#### What is required:
From the first line to the last, retype everything below exactly, minus the pictures.

++++ Information shown ++++

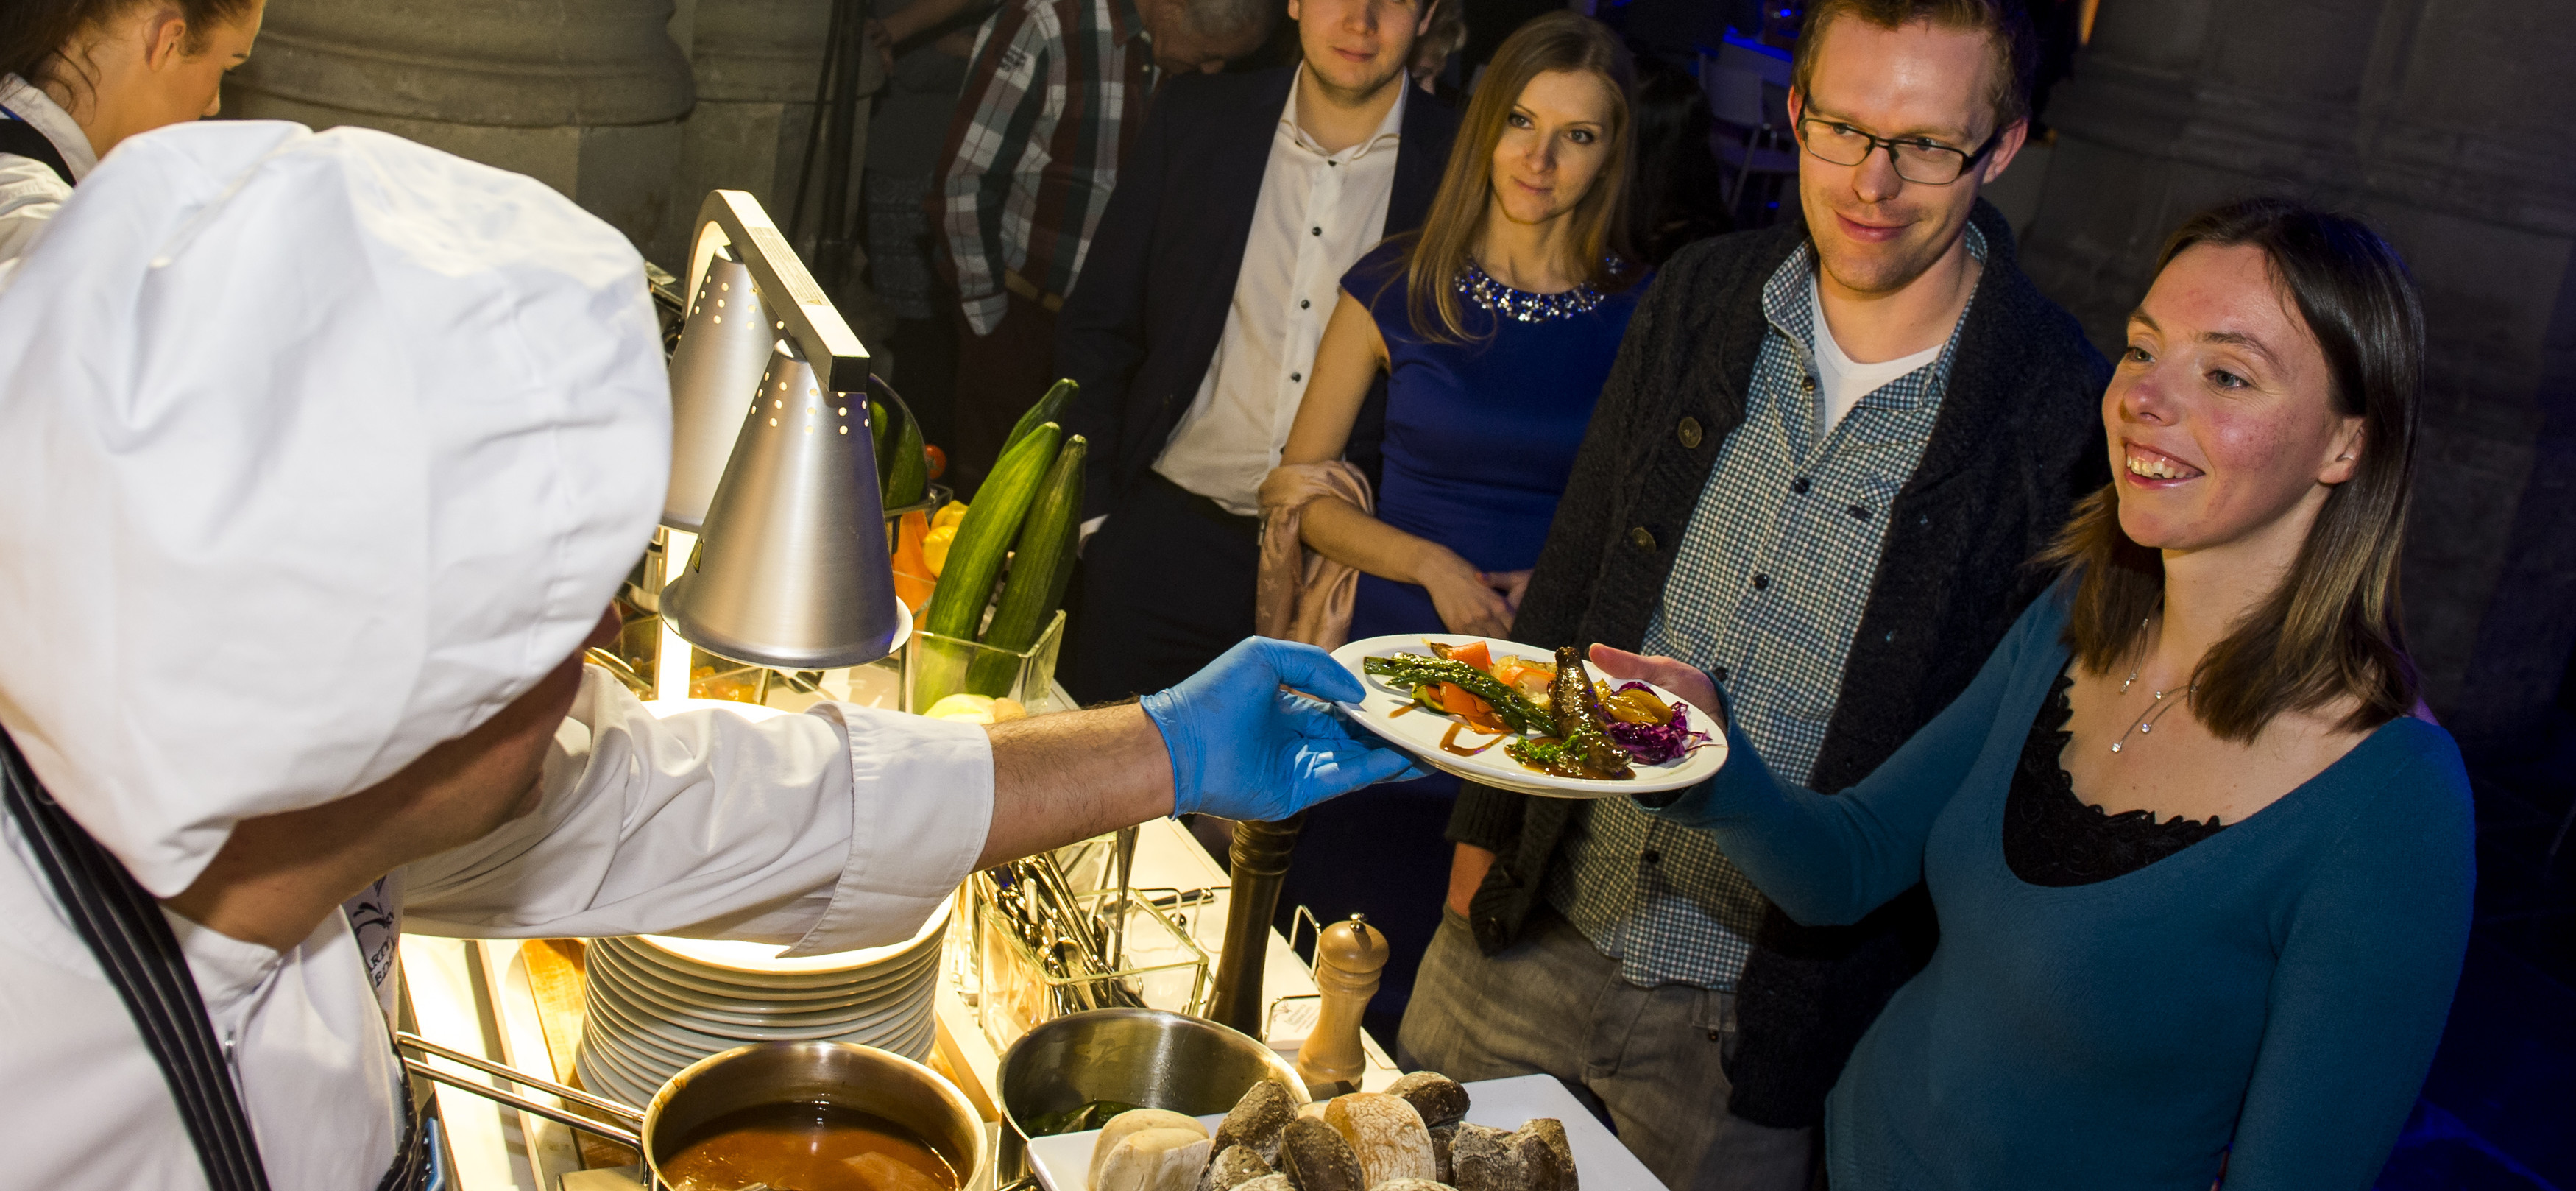 Feest Wintershall, Partyservice, 7 februari 2015, Grote Kerk, Goes. Foto Marco De Swart
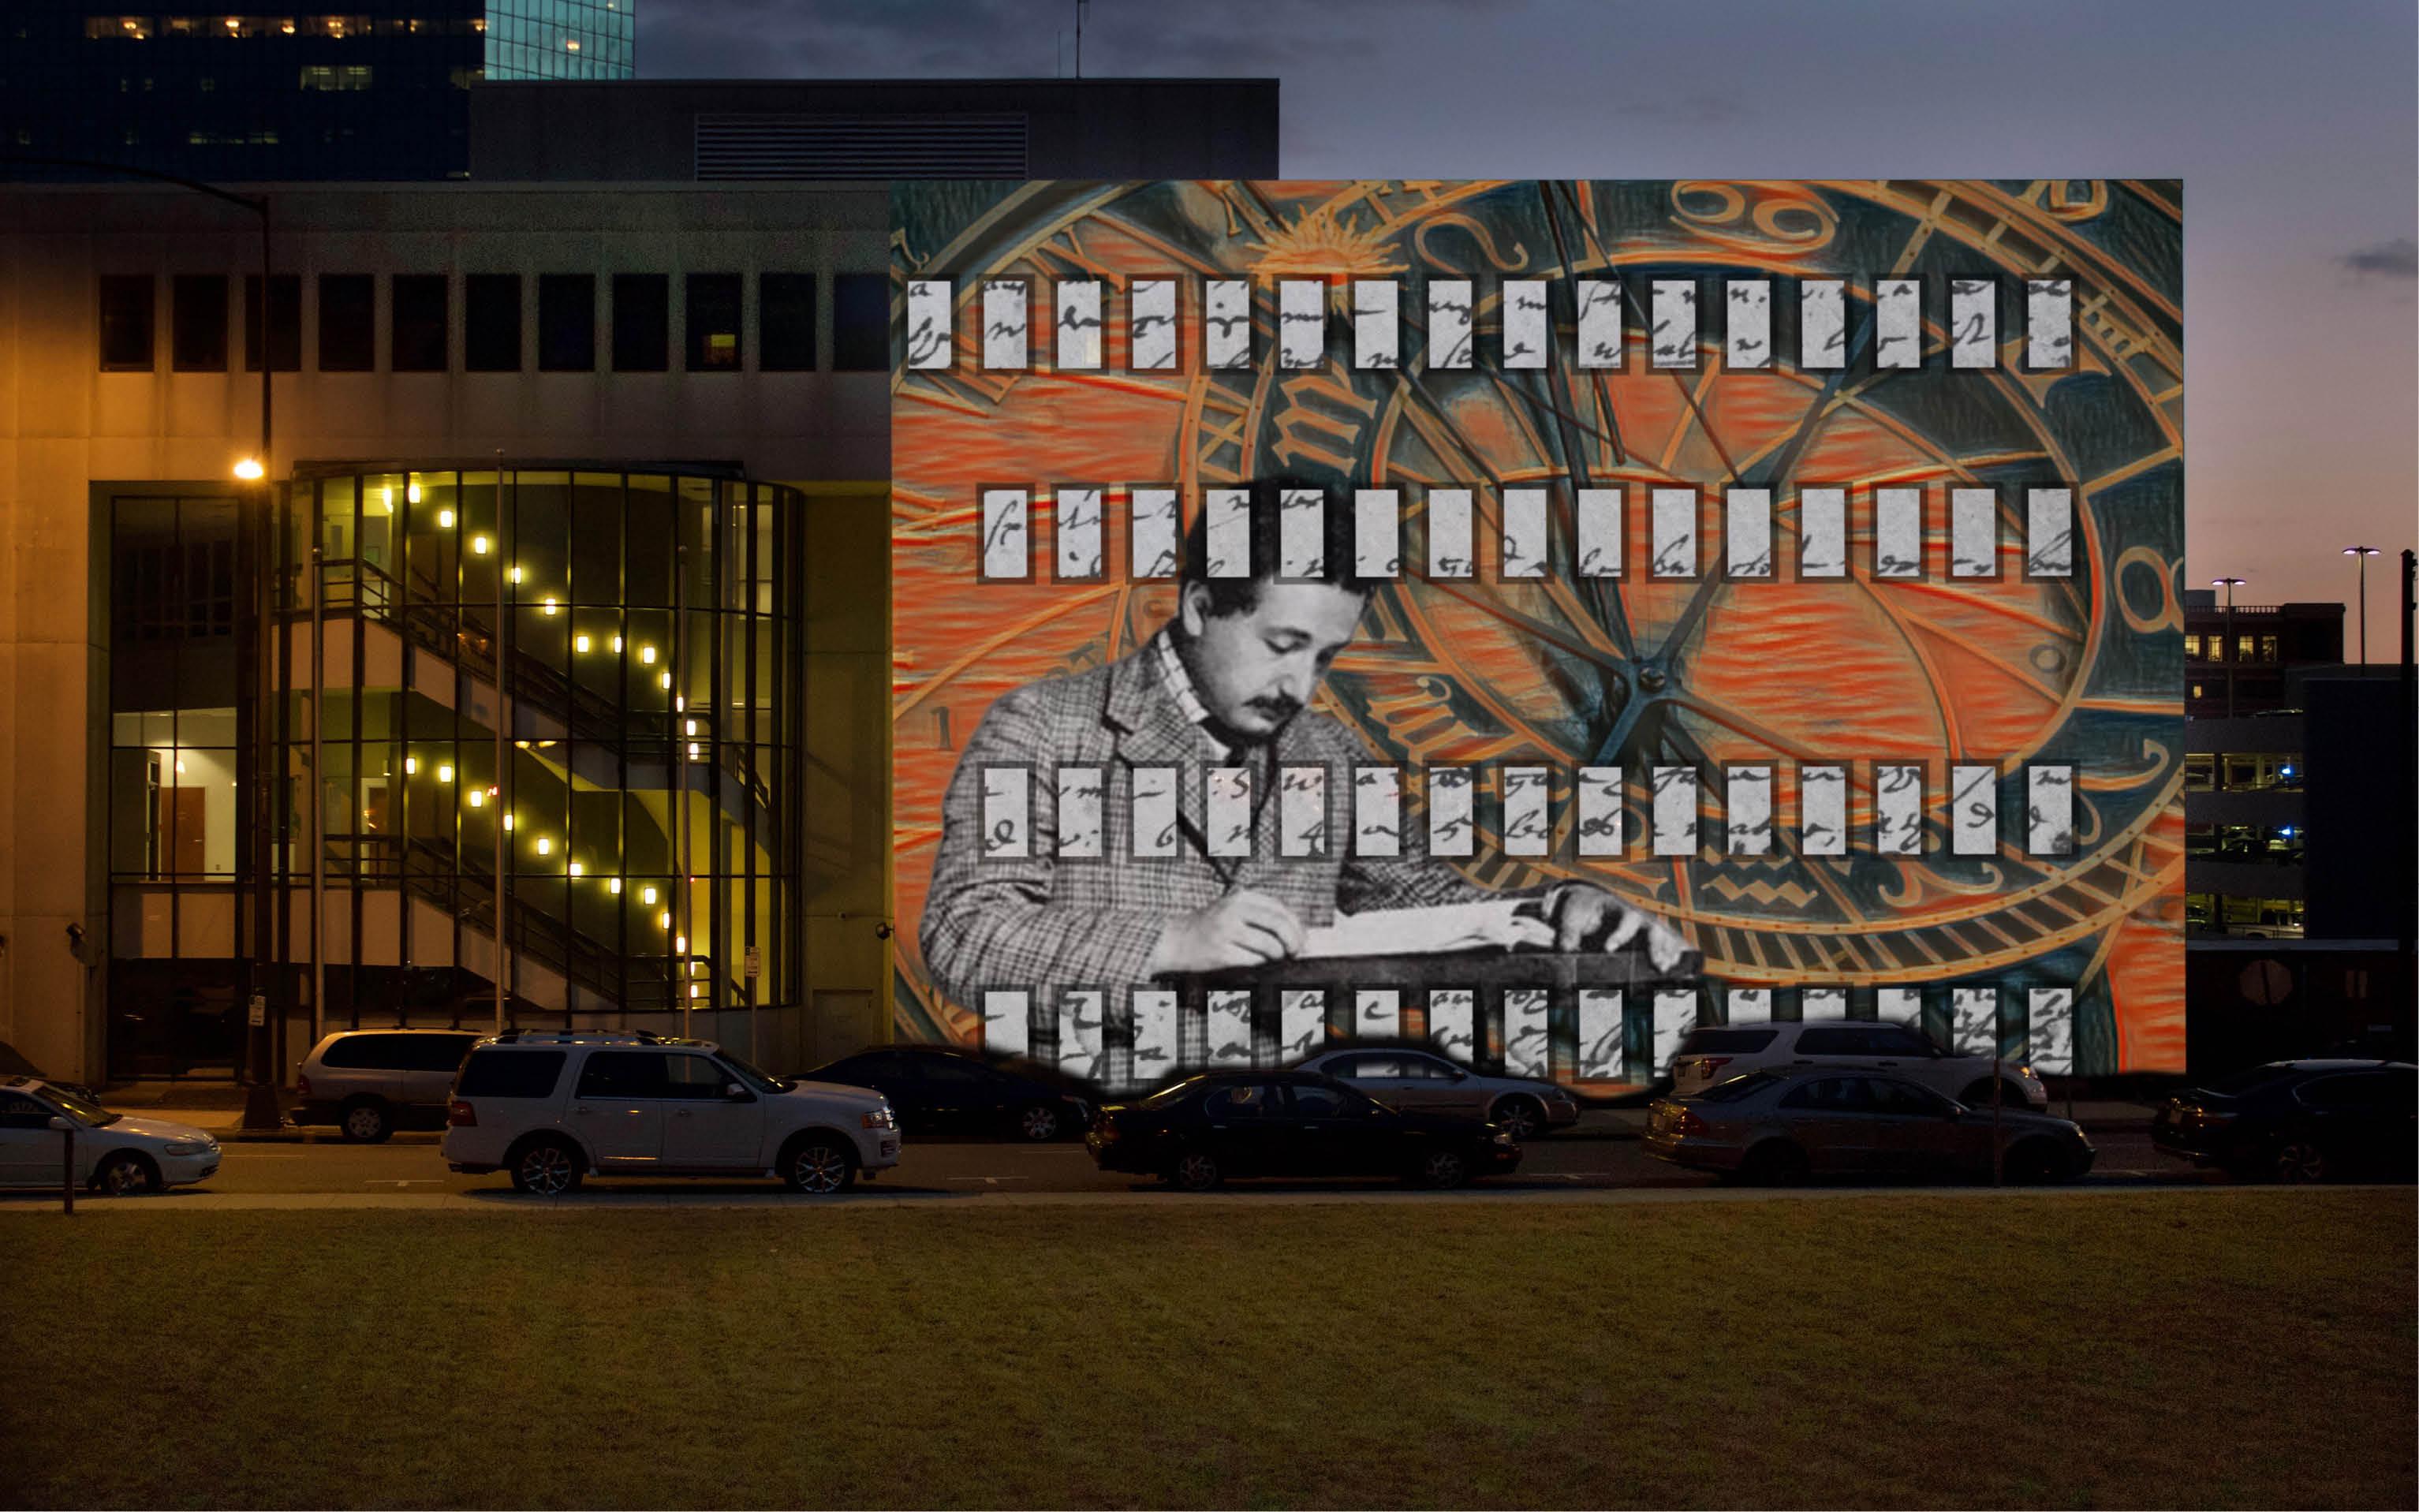 Winston-Salem Light project explores
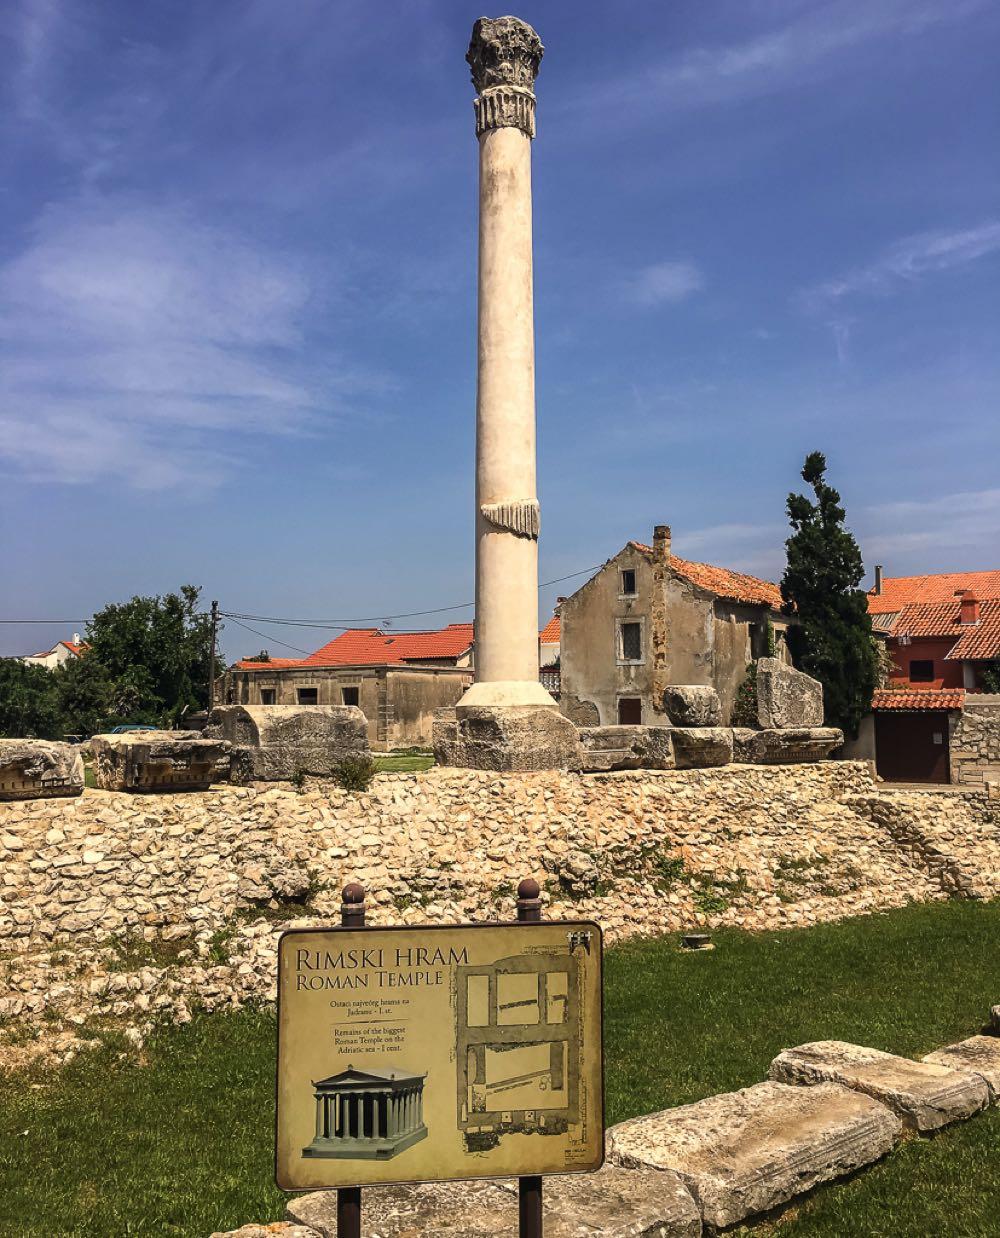 Rimski-Hram–Roman Temple-Nin
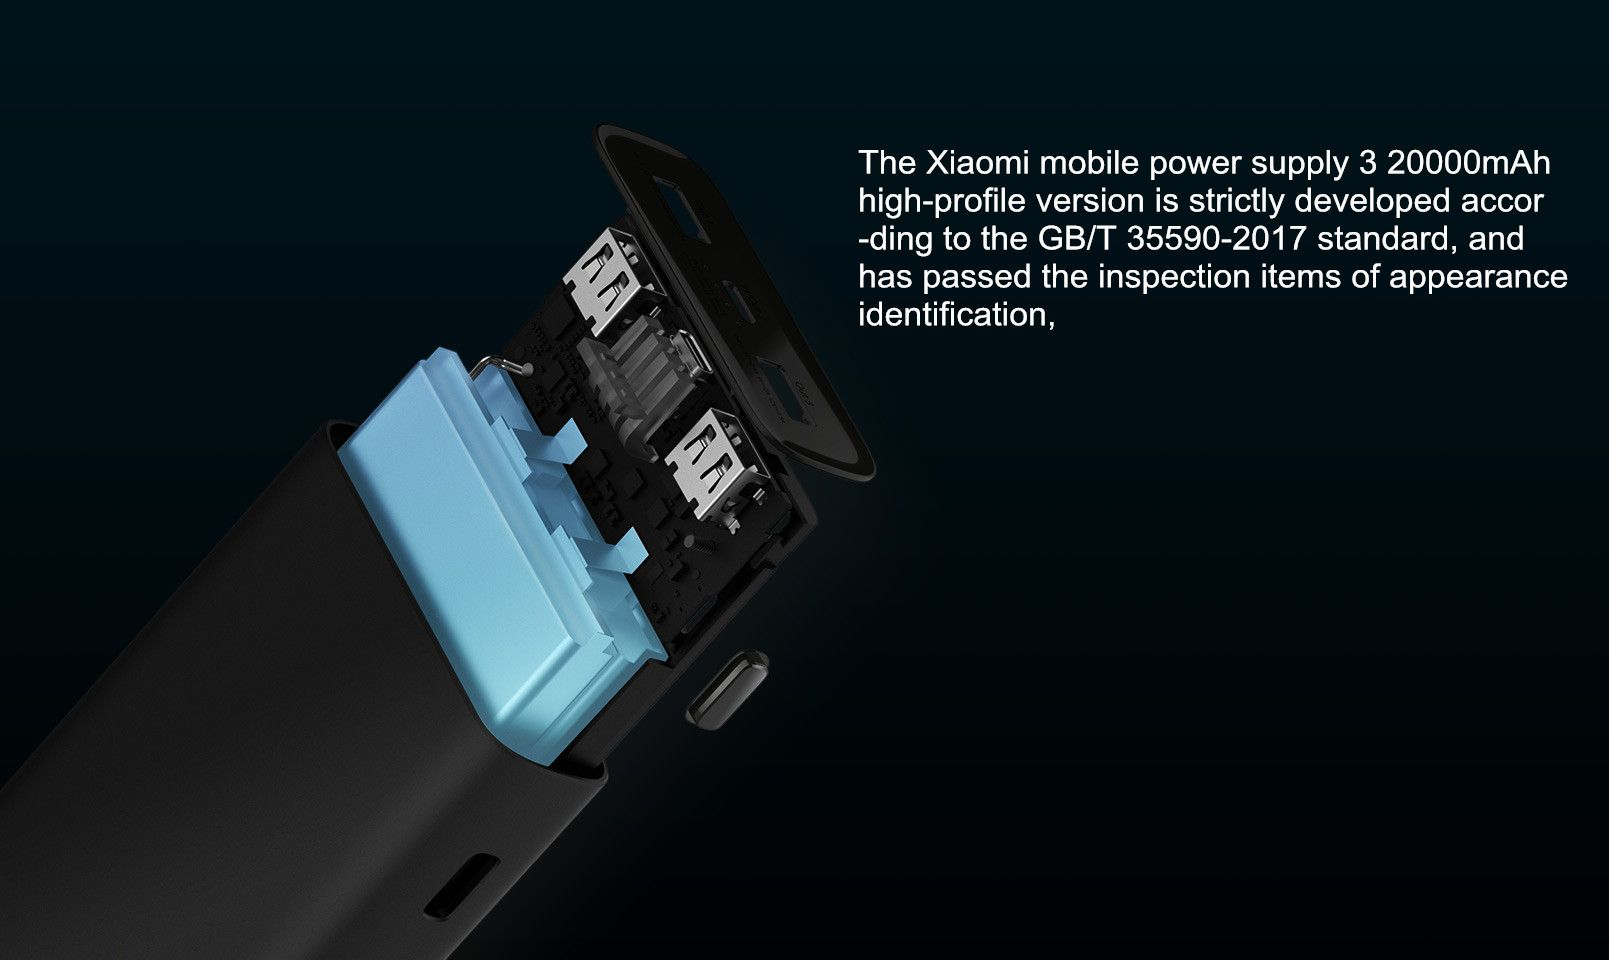 Xiaomi Power Bank 3 Pro 20000mah Usb C Qc 3 0 Fast Charge Power Bank (3)

++++

#### Result for this exercise:
 Feest Wintershall, Partyservice, 7 februari 2015, Grote Kerk, Goes. Foto Marco De Swart
 Winston-Salem Light project explores
 Rimski-Hram–Roman Temple-Nin
 Xiaomi Power Bank 3 Pro 20000mah Usb C Qc 3 0 Fast Charge Power Bank (3)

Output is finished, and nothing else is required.